EDITORIAL: The statement by the Resident Representative of the International Monetary Fund (IMF) in Islamabad on 23 August, a week after the caretaker cabinet took oath, reminding the government of its pledge to keep all state-owned entities (SOEs) under finance ministry’s oversight indicates that the Fund staff’s mood not to allow any waivers on the measures agreed and documented in the Stand-By Arrangement (SBA) including phasing out of harsh upfront conditions remains unchanged; and needless to add has remained unchanged since March 2022 when the sixth review under the now suspended Extended Fund Facility (EFF) programme was due.
The next two finance ministers – Miftah Ismail and Ishaq Dar – attempted to renegotiate the conditions; however, Ismail correctly gauging the Fund staff mood capitulated by August last year reflected by the seventh/eighth review agreed while Dar not only failed to implement the agreed conditions but proceeded to violate them at a massive cost to the country’s economy, thereby forcing the then Prime Minister Shehbaz Sharif to directly intervene in the matter to avert the looming threat of default.

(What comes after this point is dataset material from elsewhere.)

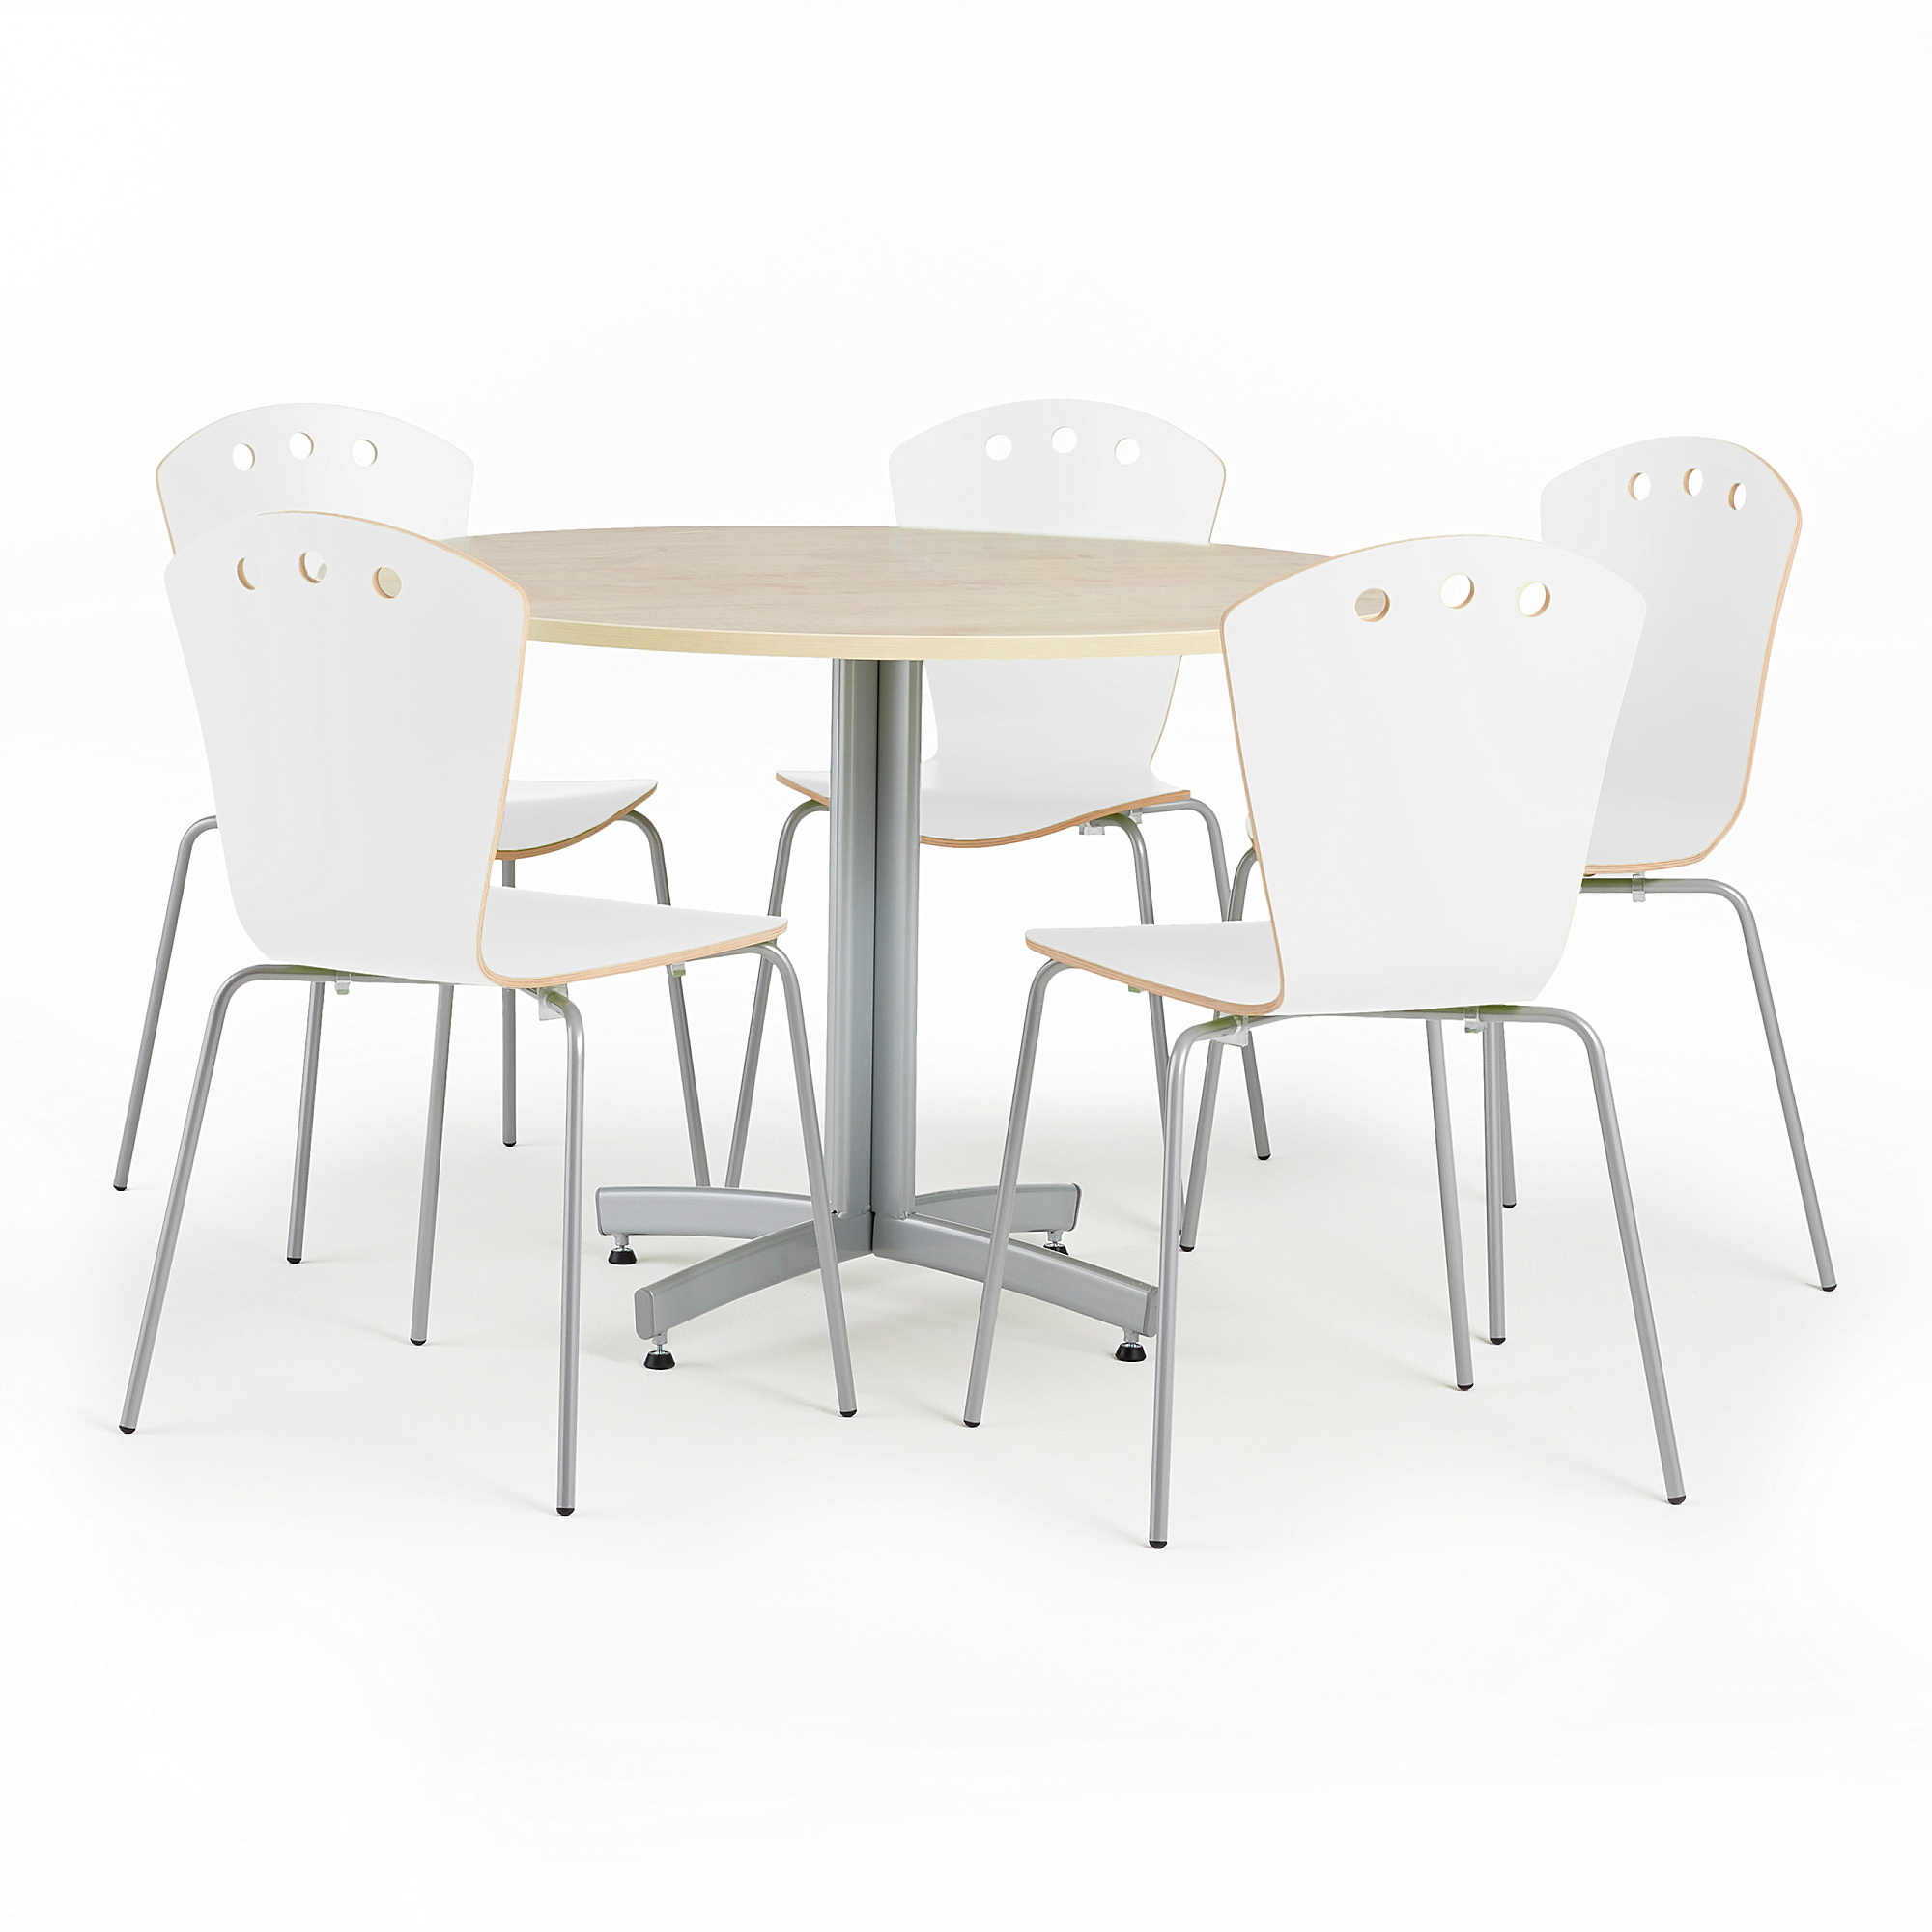 Jídelní sestava SANNA + ORLANDO, stůl Ø1100 mm, bříza + 5 židlí, bílé

In this context, it is relevant to note that the outgoing government agreed to the following three reform measures to improve fiscal transparency and effectiveness in the Memorandum of Economic and Financial Policies: (i) creation of “a Central Monitoring Unit (CMU) within the Ministry of Finance (MoF) in September 2022 to improve SOE monitoring and oversight functions and provide better analysis at the aggregate SOE level.
The CMU’s full operationalization will be completed with the hiring of the needed staff and publish its first periodic report on the performance of SOEs, in terms of section 31(3) of the new SOE law, using latest available data (a structural benchmark to be implemented by end-November 2023; (ii) ongoing efforts to “fully operationalize our treasury single account (TSA-2) by end-October 2023.
To support our cash management and forecasting efforts, which are necessary to benefit from the TSA and allow for more efficient debt and cash management, we have created the Treasury and Cash Management Unit and the Cash Forecasting Unit in the Federal Treasury Office in Islamabad;” and (iii) “To enhance transparency in all public procurement and with Technical Advisory support from the World Bank, the Public Procurement Regulatory Authority (PPRA) launched and piloted the e-Procurement System in early March 2023 with the health and education ministry as well as Punjab province.
We will fully roll out the system at the federal and provincial levels by end-December 2023. Leveraging the new regulations for publication of beneficial ownership information of Covid-related awarded procurement, the PPRA will have access to relevant databases on beneficial ownership, tax, and national ID registries, and make key and relevant information on procurement contracts publicly available.”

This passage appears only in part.